▶ [What you are asked to do] When you reach the line containing "Свитшот мужской белый" in the entries below, begin reproducing lines exactly, and stop once the line containing "Image result for" is done.

▶ [Available data]

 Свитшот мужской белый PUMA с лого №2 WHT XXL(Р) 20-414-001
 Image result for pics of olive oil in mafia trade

==

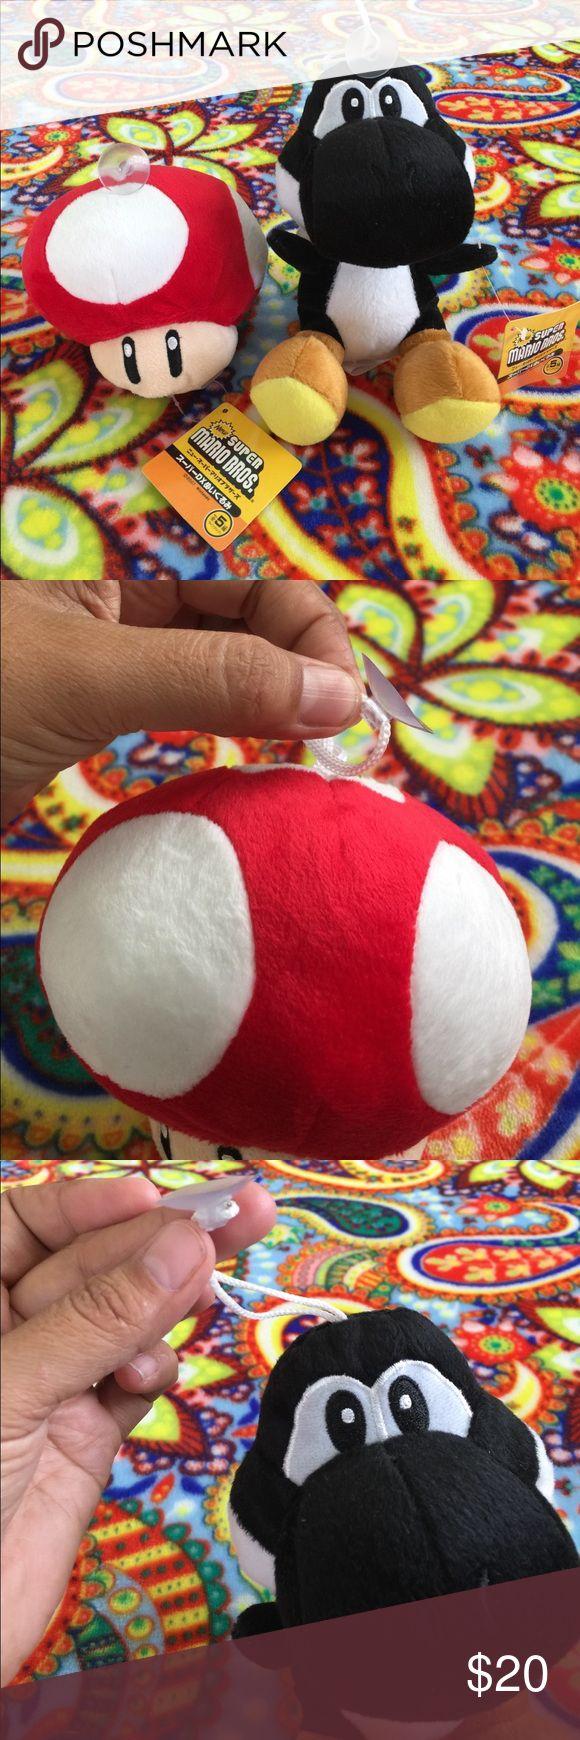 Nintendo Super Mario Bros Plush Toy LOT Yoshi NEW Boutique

▶ [Expected answer]
 Свитшот мужской белый PUMA с лого №2 WHT XXL(Р) 20-414-001
 Image result for pics of olive oil in mafia trade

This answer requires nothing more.